Maybe I shouldn't have offered to be more offensive. On Saturday morning at 11, 2 trees on my street went down in that nor'easter and downed power lines. We didn't get the power back until Monday night at 10. For two and a half days, no electricity, no light, no heat, no hot water.
This was not fun. And if that had been the worst of it, it would have been annoying as hell.
That was not the worst of it. The blackout knocked out our sump pump. So when I got back from Nevada Smith's, the New York bar where I watched Arsenal beat Hull City in Premier League action, I saw that the basement was flooded.
I haven't yet been able to check to see how many of my videotapes -- in plastic bins, never found a place for them from the last time I moved -- are ruined. Or which ones. Probably ones I really wanted to save. But 2 shelves of one of my bookcases were ruined.
A lot of fantastic books got ruined. Nearly all of them are replacable -- eventually. Even if I had the money to buy them all again (and I don't, at least not more than 1 or 2 every pay period), it would take a while for them to come by mail. A lot of them weren't available in the New York Tri-State Area, and had to come from Borders/Amazon.
Some of the books that came by mail came from England. These were some of the books that helped me to understand soccer for the first time. Some of the soccer books I bought were available in New Jersey and New York City bookstores. But they're all ruined. Soaked.
"They're soaked, and I know they are."
"This game's abandoned."
"Bloody hell."
Amazingly, one book that I was sure was a goner was a 1960 world atlas that my mother got from an old family friend. The binding is already nearly shot, but the covers and pages were fine... and still are. The bookcase that one was in wasn't affected.
In the bookcase that was ruined, I lost signed copies -- already signed when I got them, so they weren't personally autographed -- of Jim Bouton's Ball Four and Dan Shaughnessy's Reversing the Curse. I lost Rob Neyer's Big Book of Baseball Lineups and Rob Neyer's Big Book of Baseball Blunders, and Allen Barra's recent books re-examining long-held baseball beliefs. I didn't have those four books for very long, but I loved them. Even when I don't agree with Neyer and Barra, I love that they sometimes make me think of things in a different way.
Actually, I would disagree with Barra frequently: Not only is he a Met fan, but he's from Old Bridge, East Brunswick's arch-rival. The Purple Bastards! (Actually, since he's older than I am, that would be the Blue Bastards, as the school was then known as Madison Central and had different colors.)

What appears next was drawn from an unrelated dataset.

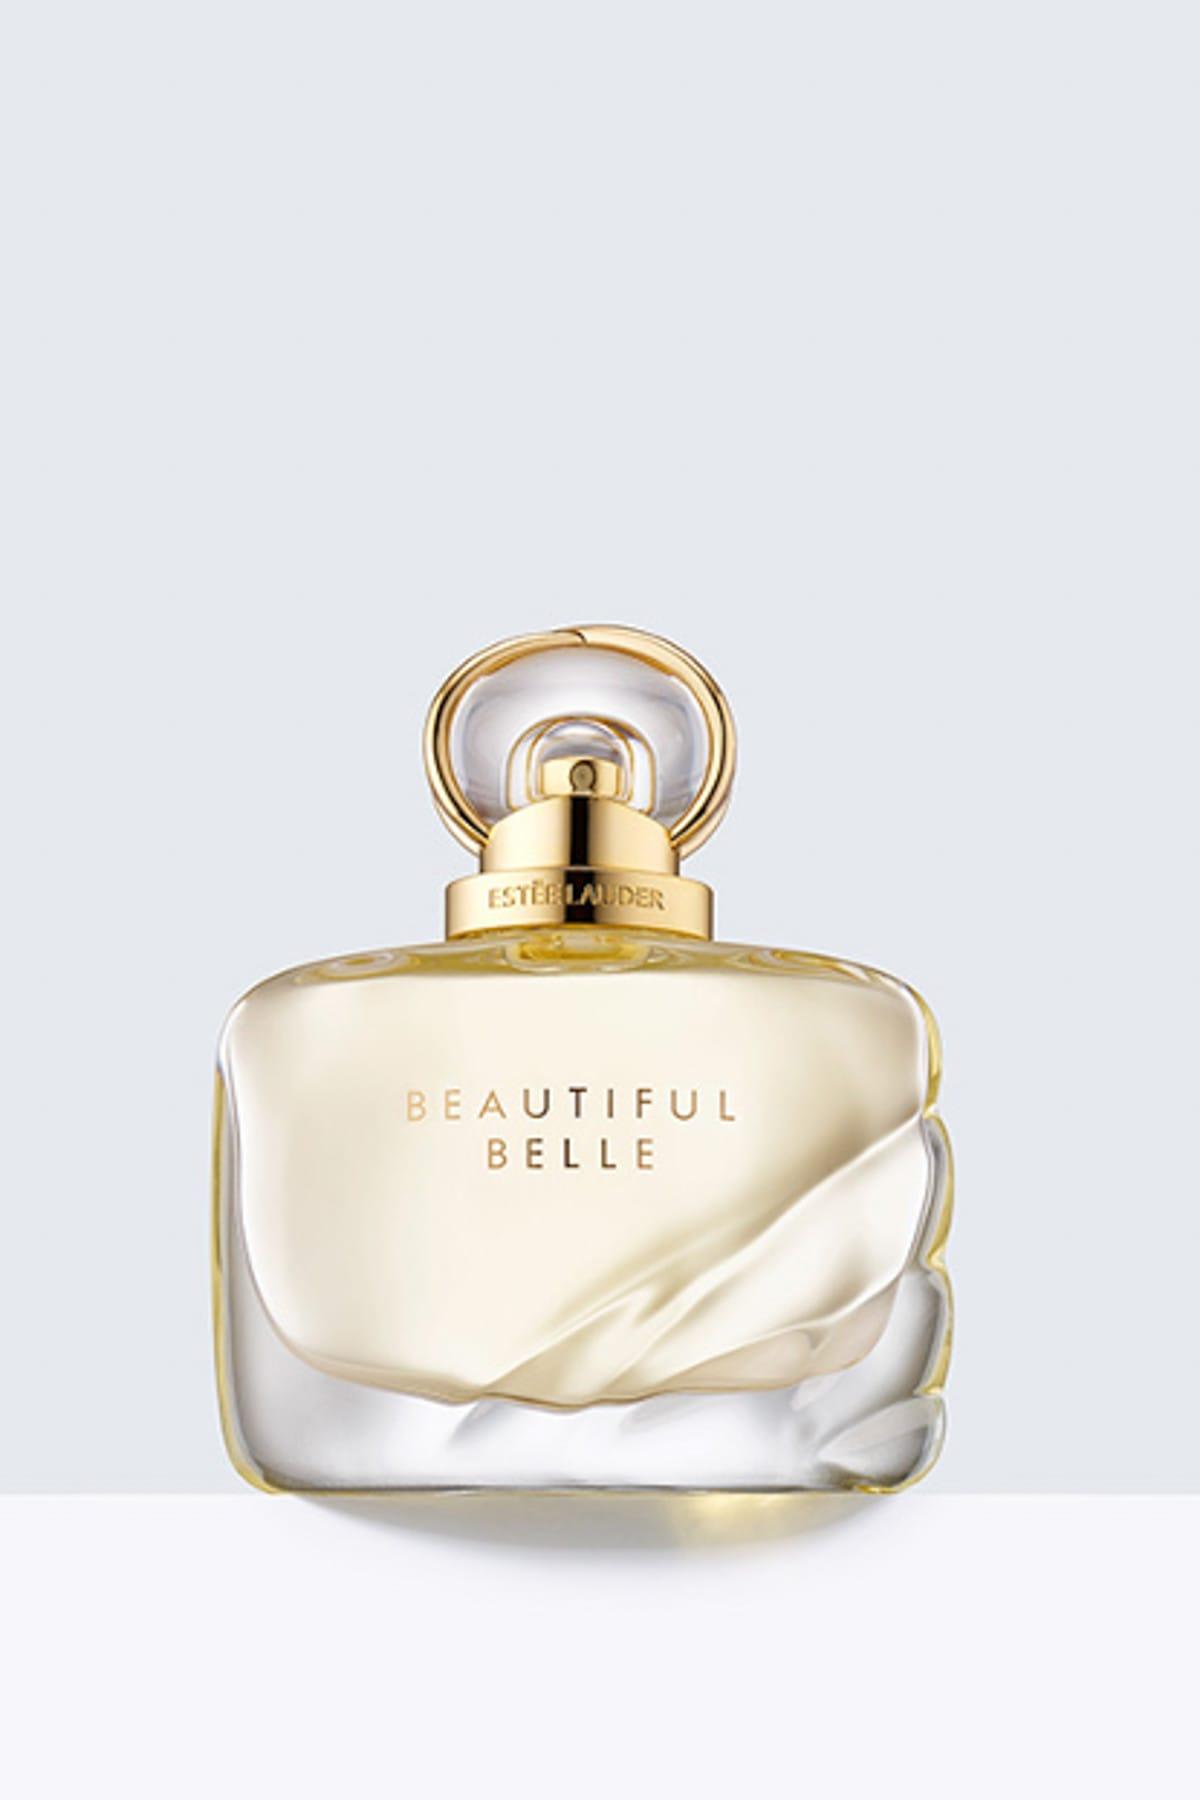 عطر زنانه ۳۰ میل اصل Beautiful belle مارک استی لادور  Estee Lauder

But I was thrilled at 2 books that survived, both by baseball players who began in the late 1940s and starred into the 1950s. What I Learned From Jackie Robinson, by his Brooklyn Dodger teammate Carl Erskine, whose nasty curveball led him to win several big games for Dem Bums, including two no-hitters (one against the hated New York Giants) and Game 4 of the 1953 World Series in which he beat the Yankees, striking out 14 batters to set a Series record that lasted for 10 years.
And Baseball Forever, by Ralph Kiner, slugger for the Pittsburgh Pirates and broadcaster for the New York Mets for their entire history from 1962 to the present (and while he's done just one game a week the last few years, he is scheduled to be back this season at age 88).
Erskine's book was the last thing my Grandma gave me before she died. Kiner's book was the last thing I gave her, and naturally, it was one of the books Mom let me take it from her house after the end.
It didn't occur to me to attach special meaning to those books before tonight. I just didn't think of it. I do now.
It resulted in my coming up with a "Yogiism": I told Mom, "It's the sort of thing you don't think about until you think about it."
This whole thing could have been a lot worse. Nobody was killed or injured -- at least, not in my house, not in my neighborhood, and probably not in East Brunswick or even in Middlesex County. But a few people in New Jersey have been killed, and elsewhere up and down the Northeast Corridor from Boston's northern suburbs to the Tidewater region of Virginia. And over a quarter of a million people in the New York Tri-State Area are still without power, 3 days later.
It sure didn't seem like it over the weekend, when I lost a refrigerator full of food and needed to borrow the shower in my sister's condo, and the whole family still needs to borrow it and her washer and dryer. Fortunately, she's letting us, because she was planning on going on vacation this week anyway. But we were damn lucky.
The power came back on last night, so we did not have to "beware the Ides of March." We might not yet get our own hot water and laundry back tomorrow, St. Patrick's Day, but we are lucky.
But then, as that great Englishman of Irish descent, John Lennon, put it, "If you really had the luck of the Irish, you'd wish you were English instead."